Limitations & Future Work¶
- Evaluation is limited to classification tasks; generalization to other medical imaging tasks such as segmentation and detection remains unverified.
- The quality of PubMed-augmented prompts depends on retrieval results; high-quality descriptions may be unavailable for rare diseases.
- The linear schedule \(w_v(t)/w_d(t)\) is a heuristic design that has not been compared against adaptive scheduling strategies.
- Only BiomedCLIP (ViT-B/16) is used as the backbone; applicability to other VLMs (e.g., CONCH, UNI) has not been validated.
- The dual-factor considers only vacuity and dissonance, without incorporating complementary signals such as sample diversity or representativeness.
Related Work & Insights¶
- Medical AL: Uncertainty sampling methods such as Least-Confidence/Margin/Entropy are sensitive to artifacts and class imbalance; diversity-based methods such as Coreset/BADGE incur high computational overhead.

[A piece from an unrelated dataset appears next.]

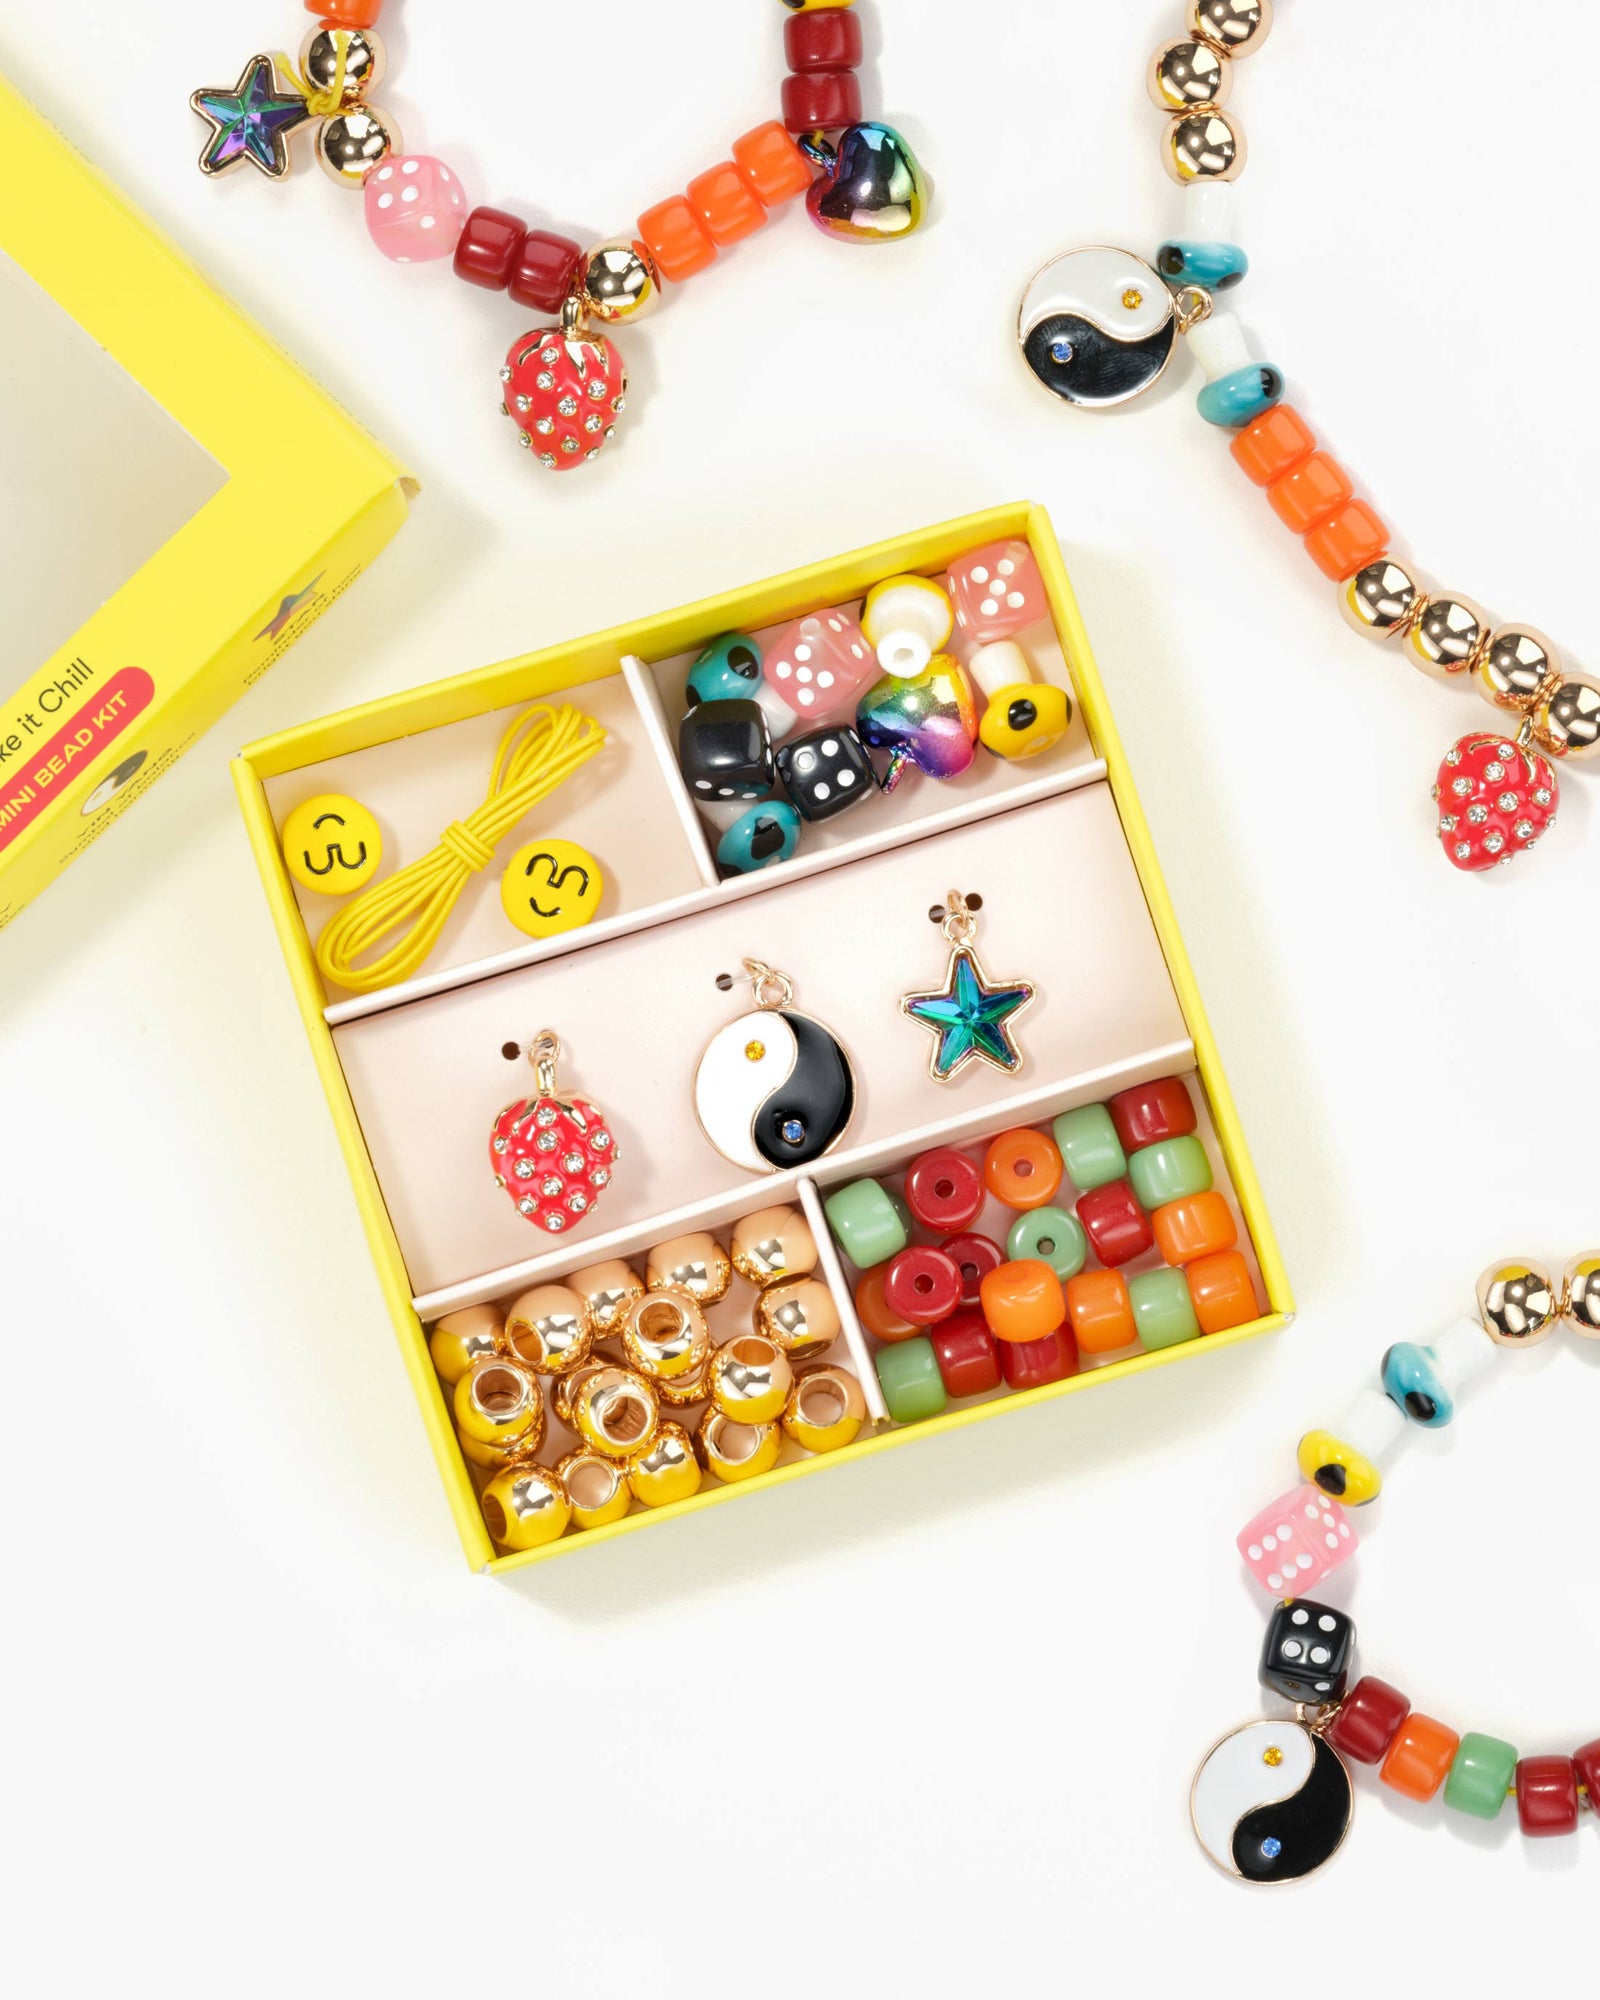  Mermaid Jewelry Box DIY Kits for Kids - Make Your Own

- VLM calibration: CLIP-family models suffer from severe overconfidence; post-hoc temperature scaling provides only global adjustment and does not explain the source of uncertainty.
- Evidential Deep Learning (EDL): Modeling predictions as Dirichlet distributions enables uncertainty decomposition, but standard EDL transforms evidence directly from classification logits, making it fragile under early-stage AL and distribution shift.
- VLM + AL: Methods such as PCB compress VLM uncertainty into softmax scalars, inheriting the overconfidence problem while lacking decomposition of uncertainty sources.
Rating¶
- Novelty: ⭐⭐⭐⭐ — The similarity-to-evidence reinterpretation is highly elegant; the vacuity/dissonance decomposition introduces a new paradigm for medical AL.
- Experimental Thoroughness: ⭐⭐⭐⭐⭐ — 10 datasets, multiple baselines, extensive ablations, calibration analysis, and cold-start analysis constitute a highly complete evaluation.
- Writing Quality: ⭐⭐⭐⭐ — Clear structure, well-motivated problem formulation, and high-quality figures and tables.
- Value: ⭐⭐⭐⭐ — Delivers practical clinical value in improving medical image annotation efficiency; the framework demonstrates strong generalizability.